Учтите, я лежала, глядя через дыры в пылающем балдахине на клубы дыма под потолком. Дым опускался всё ниже и ниже. Оставалось лишь ждать, когда он меня накроет.

И тут в дверях появилась Бригитта. Она опустилась на корточки, чтобы под клубами дыма встретиться со мной глазами. Я назвала её тупой? Беру свои слова обратно. В следующий миг лицо её приняло яростное выражение, она рванулась вперёд и двумя руками схватила мою перину. Потом сбросила туфли, упёрлась босыми ступнями в пол и дёрнула всем своим весом. Перина едва не выскользнула из-под меня, но я двигалась вместе с ней и вскоре почувствовала, как кровать уходит из-под спины. Зад ударился об пол, голова – о край кровати, перина лишь немного смягчила удар. Что-то порвалось внутри. Ощущение было такое, словно всё тело разваливается, как налетевший на риф корабль, каждая схватка – волна, дробящая меня на куски. Отчётливо помню скользящий рядом каменный пол, башмаки слуг, бегущих навстречу с одеялами и вёдрами, и, впереди, между моими поднятыми коленями, огромные босые ступни и мясистые икры Бригитты, мелькающие под окровавленным подолом: левая – правая – левая – правая.
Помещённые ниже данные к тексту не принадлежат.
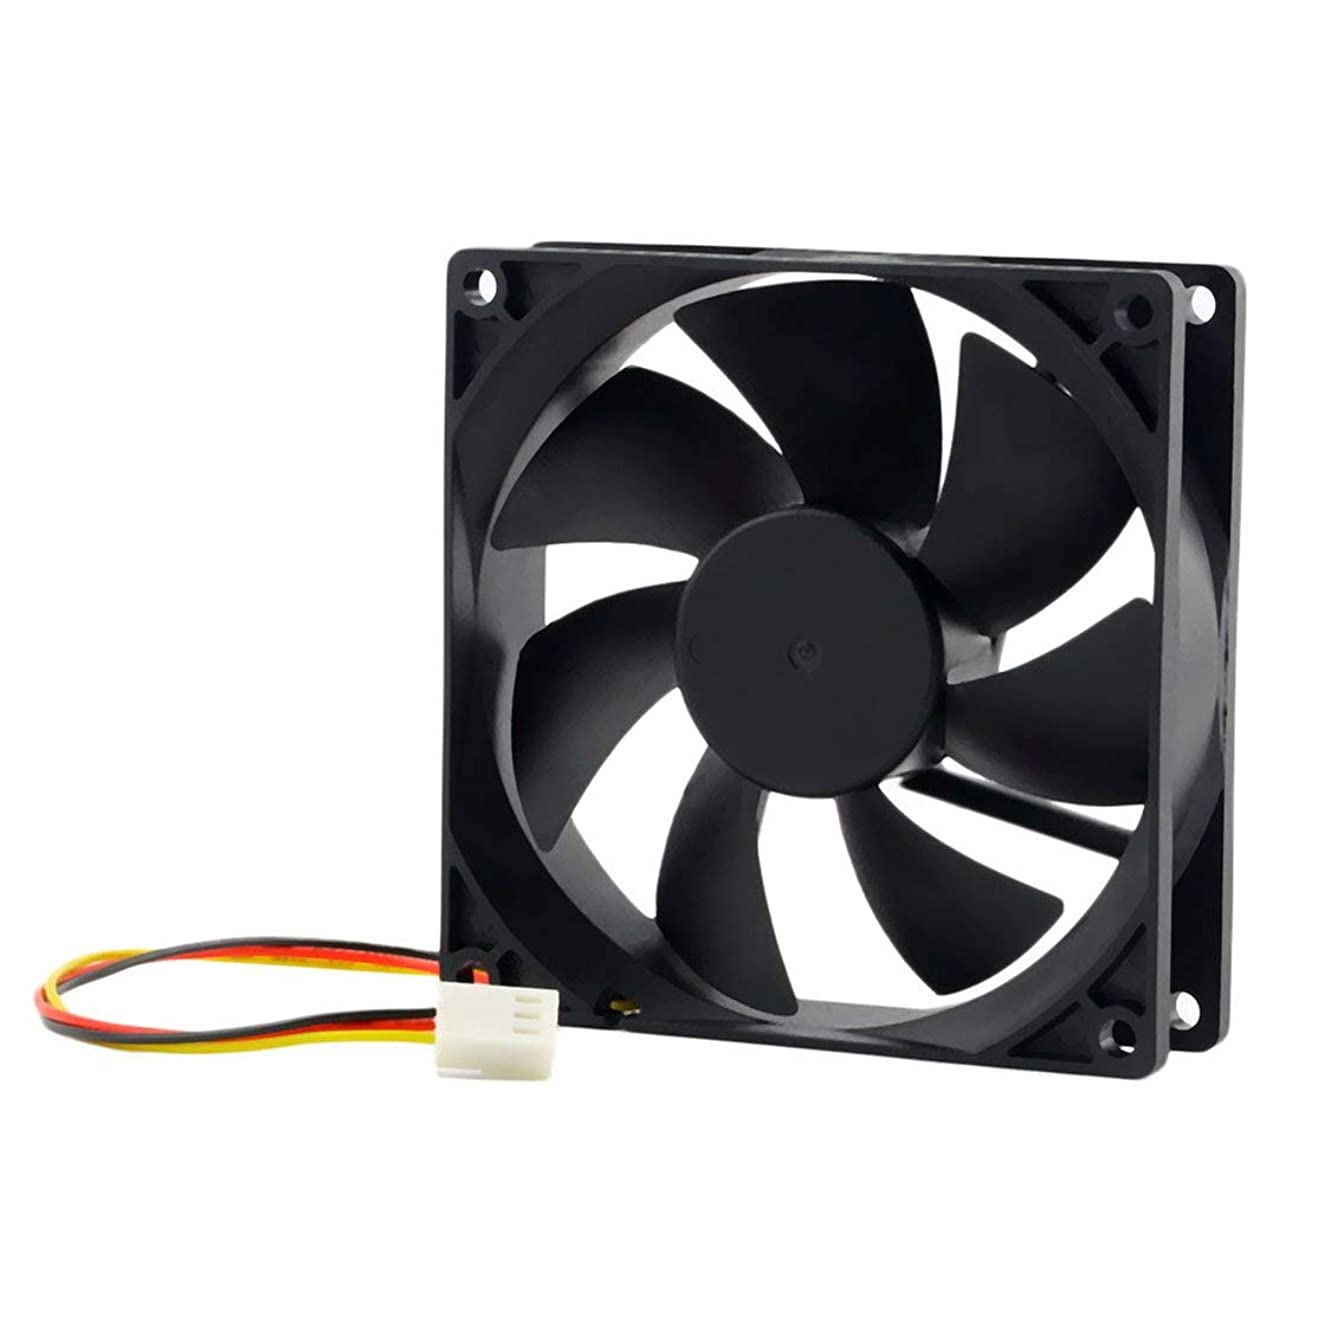 Exiao 1pc 12V 3-Pin 9cm 90 x 25mm 90mm CPU Heat Sinks Cooler Fan DC Cooling Fan 65 CFM Fast Free
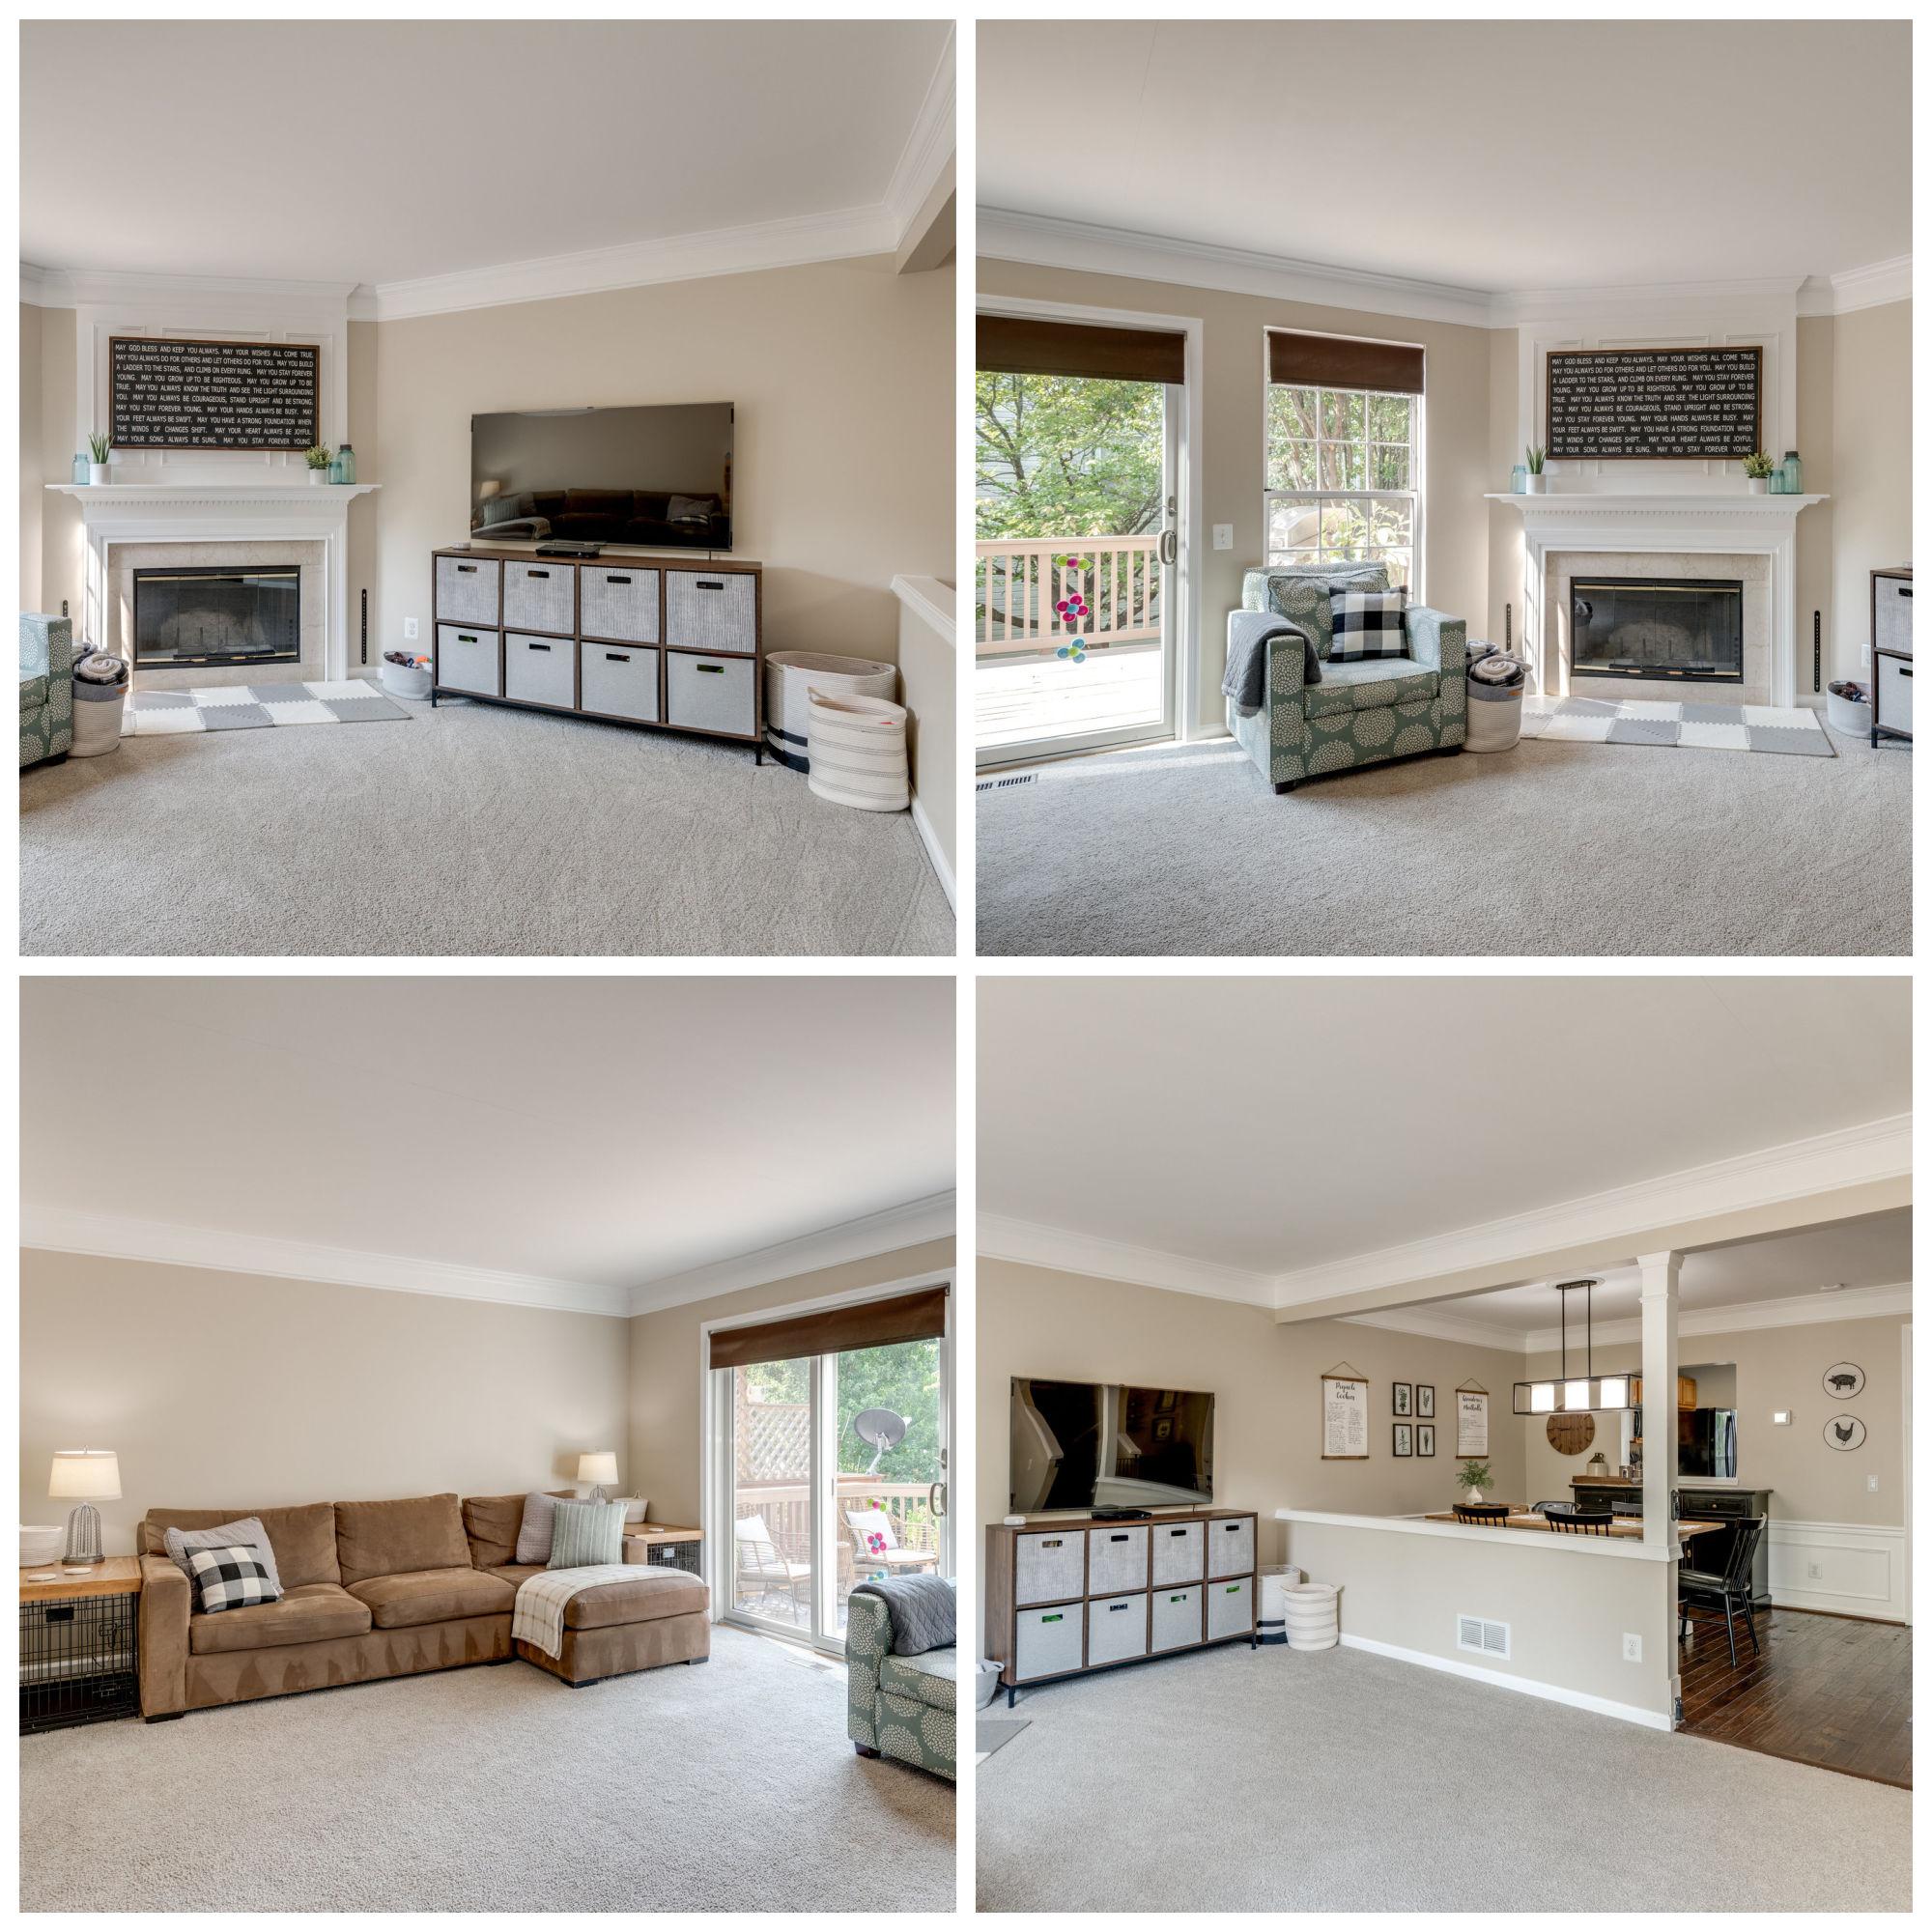 334 Millbrook Ter NE, Leesburg- Living Room

Она тащила меня в другой конец галереи. Воздух здесь был чище, я уже различала фрески на потолке. Мы остановились под Минервой, которая смотрела из-под забрала строго, но, как мне показалось, одобрительно. Бригитта плечом распахнула дверь и втащила меня прямо в спальню Элеоноры.

Элеонора и фрау Геппнер пили кофе, принцесса Каролина читала вслух. Как легко догадаться, они опешили; однако фрау Геппнер, повитуха, лишь раз взглянула на меня, сказала что-то по-немецки и встала.

Надо мной возникло лицо Элеоноры.

– Фрау Геппнер говорит: «По крайней мере день становится интересным!»


Очень дурные люди, сознающие свою порочность, такие как Эдуард де Жекс, возможно, стремятся к религии в отчаянной надежде стать лучше. Однако если они так же умны, как он, то находят способ извратить веру, направить её на службу своим изначальным дурным наклонностям. Доктор, я пришла к убеждению, что польза религии не в том, чтобы сделать людей добродетельными – это невозможно, – но в том, чтобы как-то обуздать крайние проявления порочности.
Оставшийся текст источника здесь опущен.